Reviews

The Year of the Baby

From The Year of the Baby
From The Year of the Baby

On the way to your seat at The Year of the Baby at Soho Rep, you have to walk on the set, the floor of which is wall-to-wall dirt. If you’re wearing good shoes, you’ll wish you wore sneakers. Once the play gets underway, however, not only will you forget about your shoes, you’ll begin to appreciate the dirt floor for the metaphor that it is: the characters in The Year of the Baby are the dirt poor Americans who live close to its earth. At once filthy from the soiling nature of our society, yet gaining sustenance for growth in its richness, the flowering young characters in this play are seedlings in the American forest of humanity.

Quincy Long’s drama with music (it has 14 songs and verges on being a musical drama) introduces us to a very young couple with whom downtown theatergoerscor, for that matter, any theatergoers–may have little contact. Our heroine, Donna (Rebecca Soler) appears so simpleminded that it wouldn’t be unfair to call her reality-challenged. When we first meet her, she has “borrowed” a neighbor’s baby and sees nothing wrong with keeping it. Meanwhile, she tears up a head of lettuce and drops the shreds in a cardboard box as if the infant inside is a bunny or a turtle. Her slightly more grounded young husband Kenny (Jonathan Mark Woodward) is more interested in his guitar than the baby, but in his laconically comic way, at least he advises her to return the child before she gets in to trouble. The advice comes too late. The police come banging on the door and the couple, leaving the baby behind, hit the road in a panic.

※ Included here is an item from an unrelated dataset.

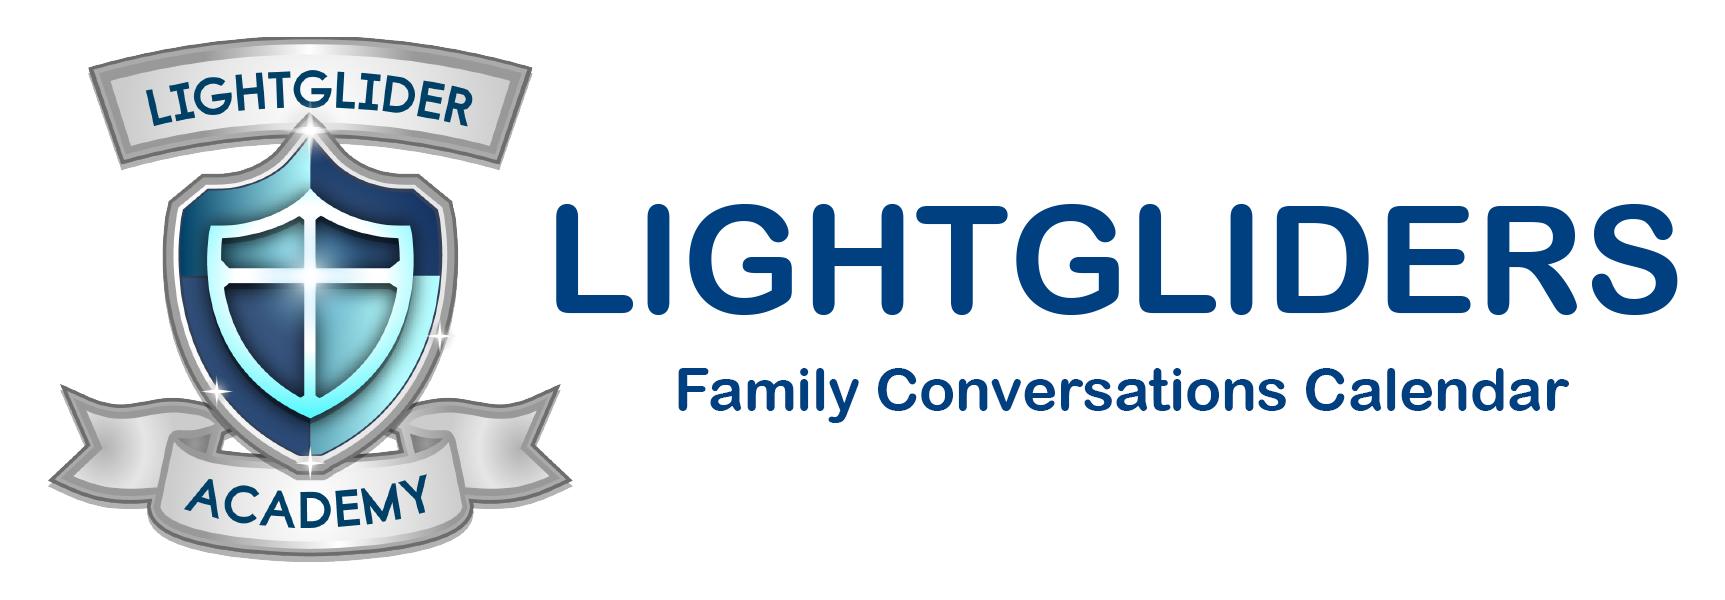 Lightgliders Family Conversations Calendar

So far, the play is amusing in a distant sort of way. The characters are strange but intriguing. The play gets even more bizarre when our two leads stop to hide out at a dingy bungalow motel in the middle of nowhere. The motel’s aging owners Luther (Joseph Jamrog) and Martha (Annette Hunt) are even loopier than Kenny and Donna. Nonetheless, the relationship that evolves between these four characters is weirdly funny, not a little scary, and ultimately rather poignant. They become a sort of family that is beyond our usual definition of dysfunctional, but it somehow works for them. A baby enters their lives in a more conventional manner, along with work, responsibility, fear, grief, generosity of spirit, and a good many other elements of life that create the roots through which a family lives and thrives.

The Year of the Baby is a play that is happily full of surprises. The first surprise, if you’re not familiar with the location of the theater in which it’s playing, is that the Soho Rep is no longer in Soho; it’s in Tribeca on Walker Street, just south of Canal. Once inside the theater, the surprises multiply. Characters evolve out of caricatures, and the play never goes where you think it’s heading; it’s funnier, richer, and far more ambitious in its themes than you have any reason to expect from its opening moments. Its intelligence sneaks up on you, which is very much in keeping with the style and content of the work. We look down on these characters–all of them–at the beginning, but slowly we come to recognize their essential humanity and we eventually embrace them.

In this respect, Stephen Foster’s songs of Americana play an important part in the production. At the back of the stage there is a small period parlor in which a couple of musicians play guitar and fiddle. They establish the idea that the play we’re seeing is part of an American time-line. The use of this device pays off elegantly at the play’s finale.

When you leave the theater, you’ll still wish you were wearing sneakers, but the play will stick with you longer than the stains on your shoes. And you’ll also remember Jonathan Mark Woodward’s exceptional performance as Kenny, noting a skill with comic timing that is a wonder to behold. Rebecca Soler is effective as his semi-addled wife, Joseph Jamrog is hilarious and heartbreaking as Luther, and Tina Stafford and Trevor A. Williams, both playing dual supporting roles, give the play additional color and credibility with their fine work. Only Annette Hunt is a touch over the top in her role as an increasingly crazy old lady.

Daniel Aukin directs The Year of the Baby with a graceful fluidity that is very much in tune with Stephen Foster’s music, as well as the highly entertaining and often extremely funny music composed by Maury Loeb.

For those of you who think you may have seen this play in the past, you did–sort of. It was originally presented by Home for Contemporary Theatre and Art in the spring of 1989. This production differs substantially, however, because the text has been rewritten and all 14 songs have been added.